◆ Supplied material
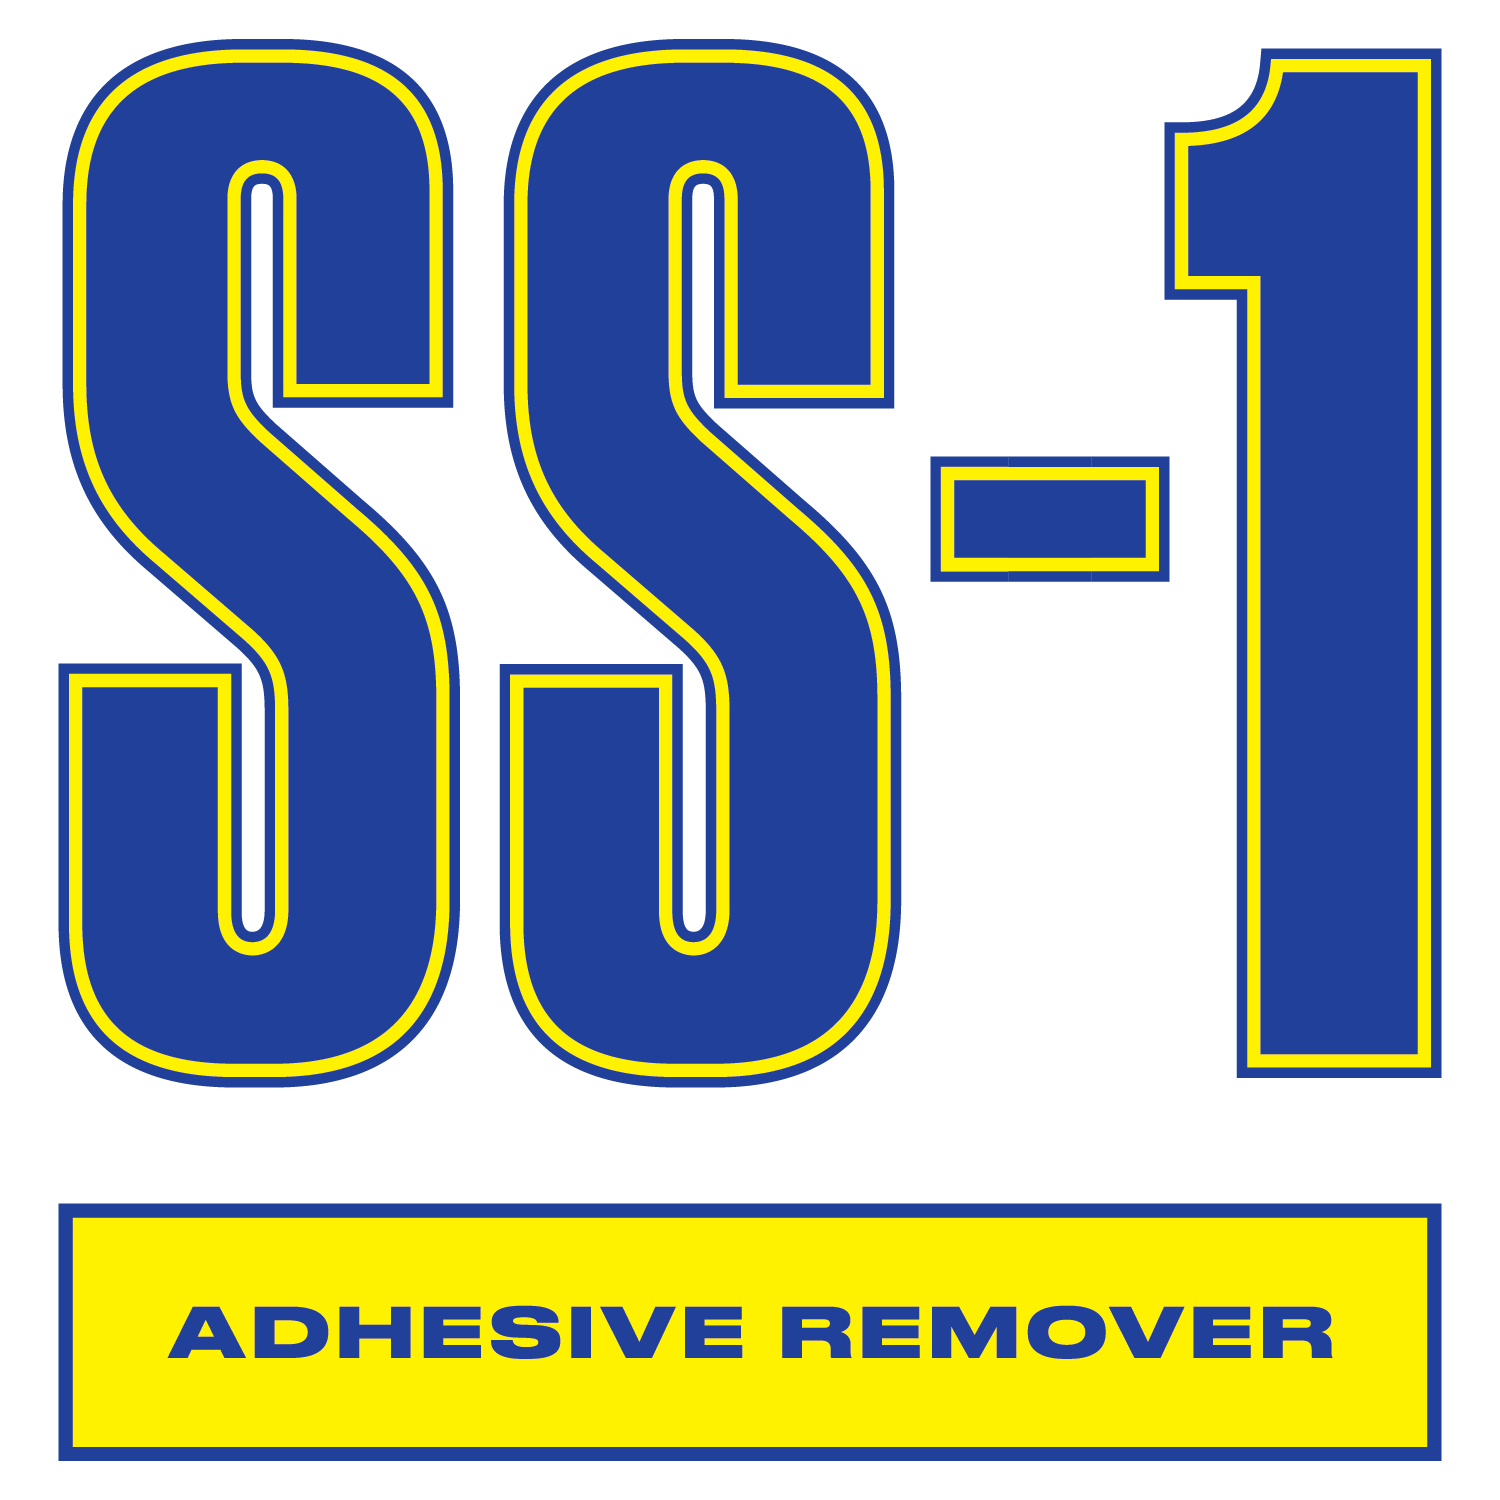 SS1 Adhesive Remover
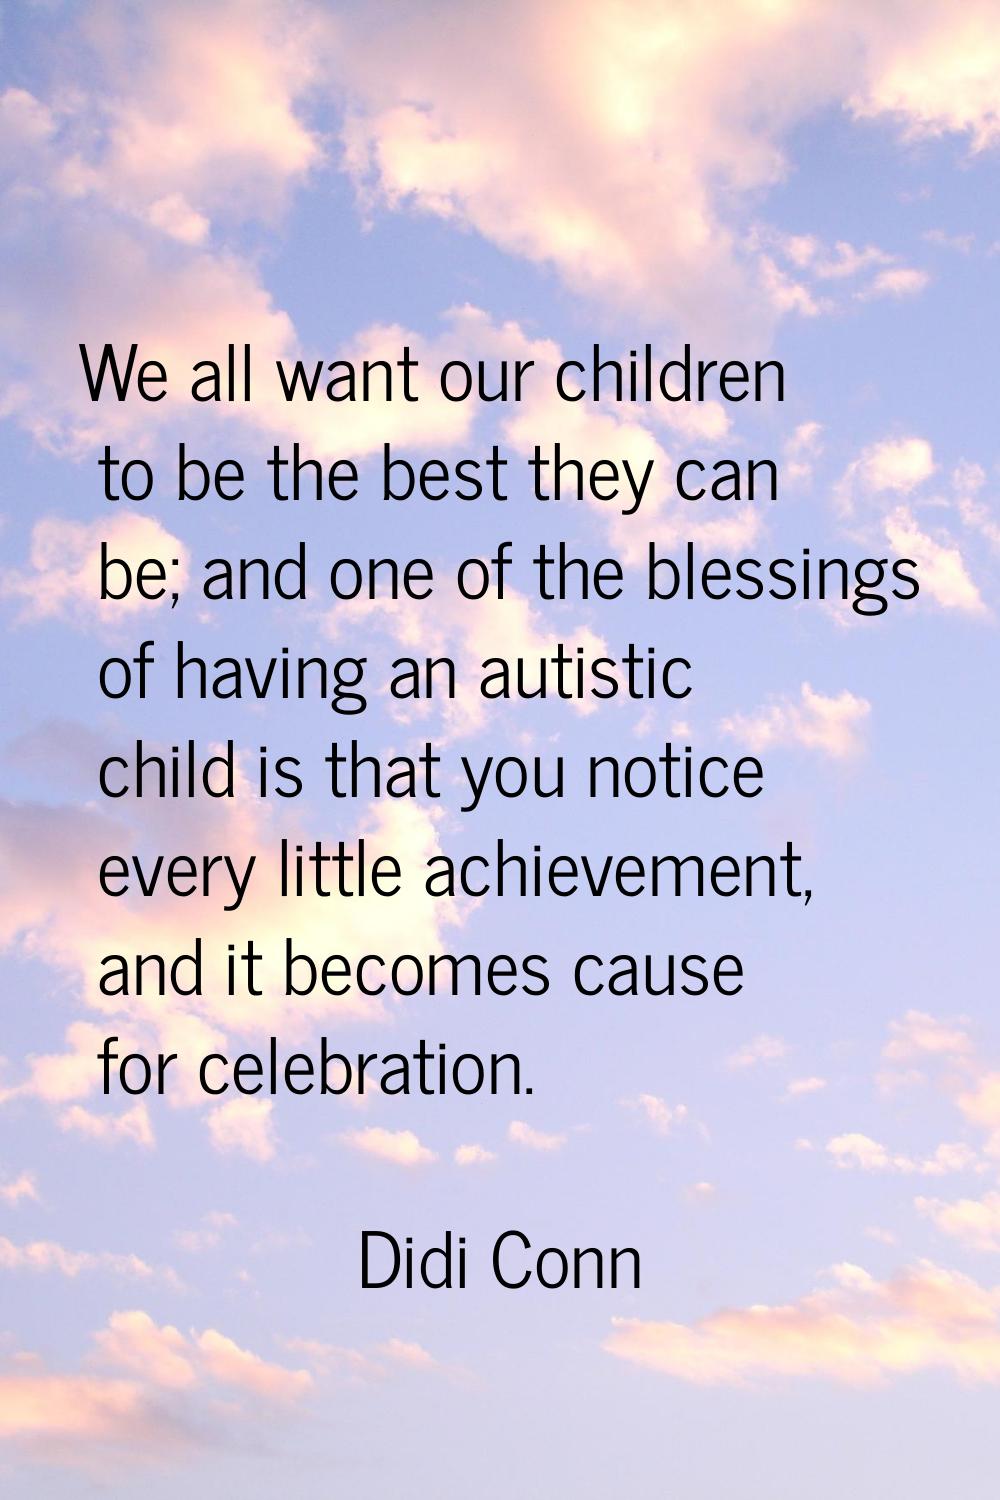 We all want our children to be the best they can be; and one of the blessings of having an autistic
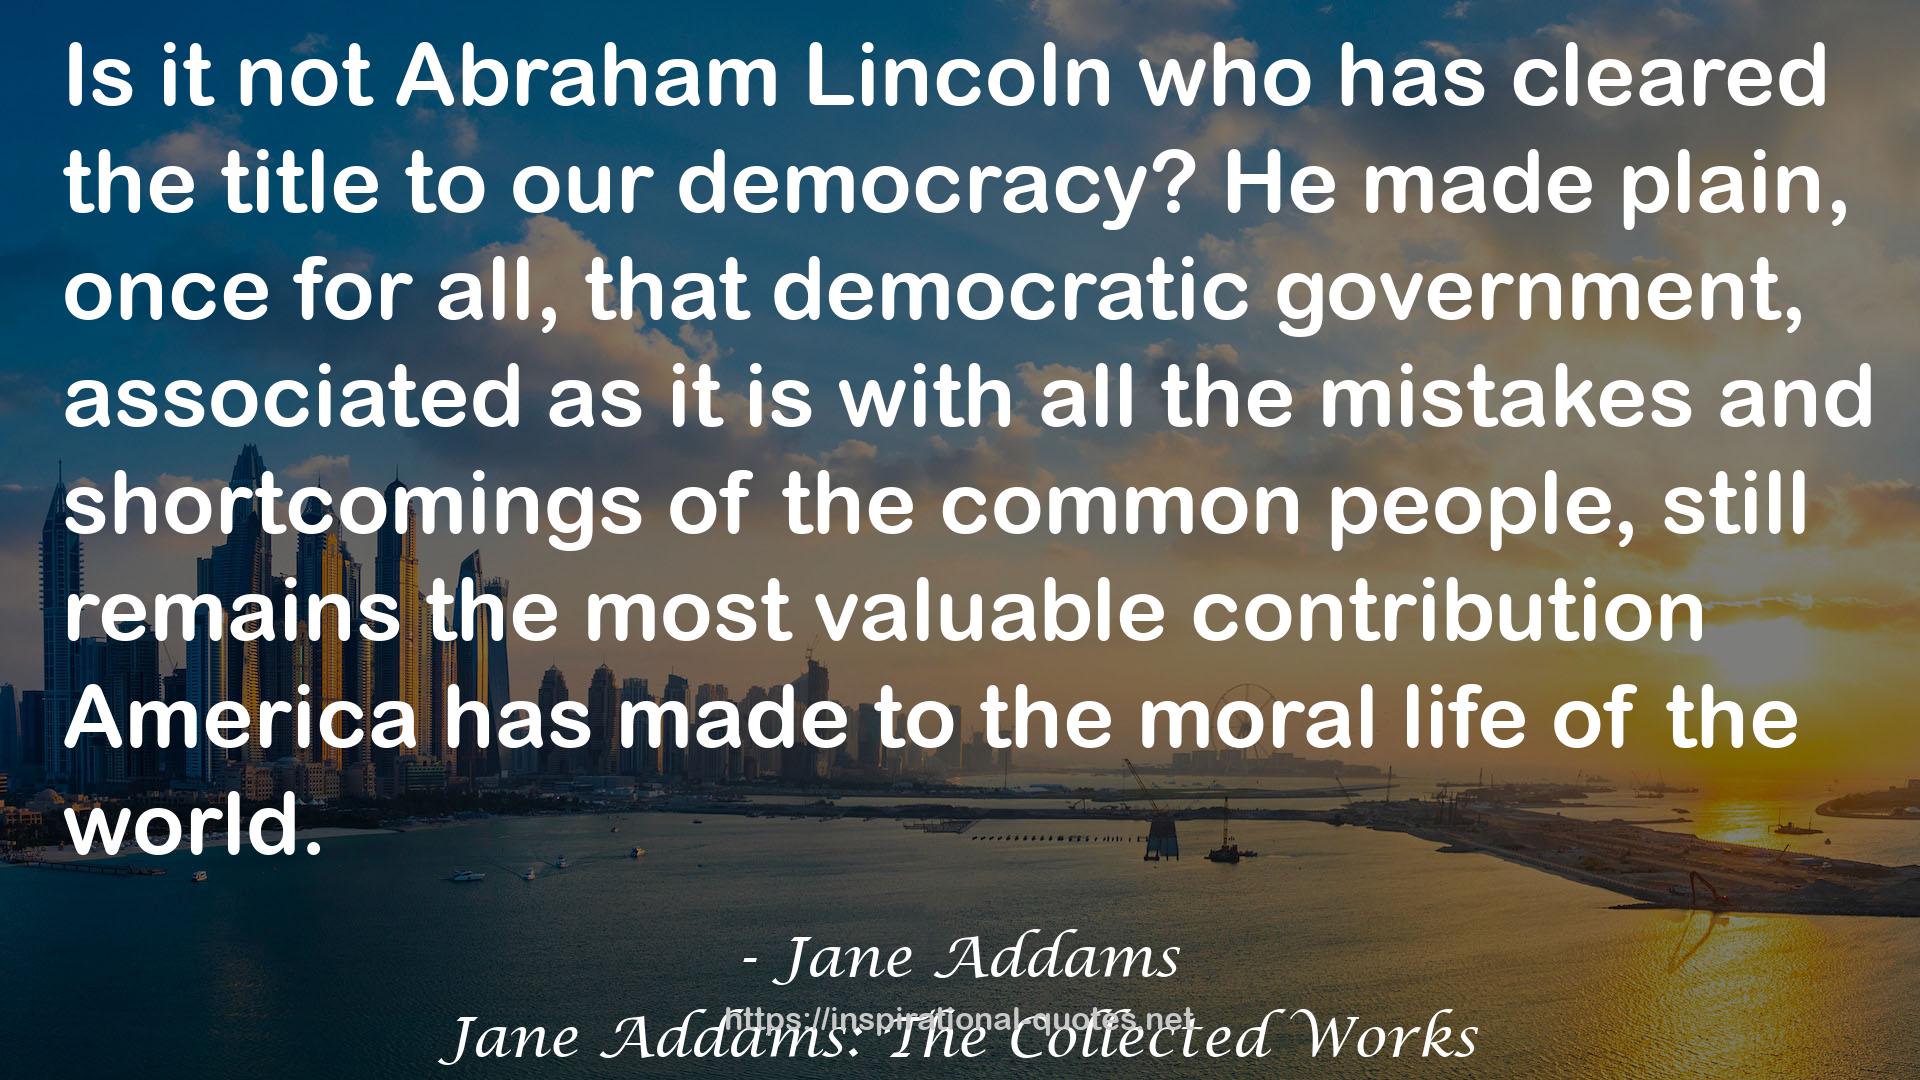 Jane Addams: The Collected Works QUOTES

◆ What is being asked
All of the data should come back exactly as written, but without pictures.

◆ Your solution
 SS1 Adhesive Remover
 We all want our children to be the best they can be; and one of the blessings of having an autistic
 Jane Addams: The Collected Works QUOTES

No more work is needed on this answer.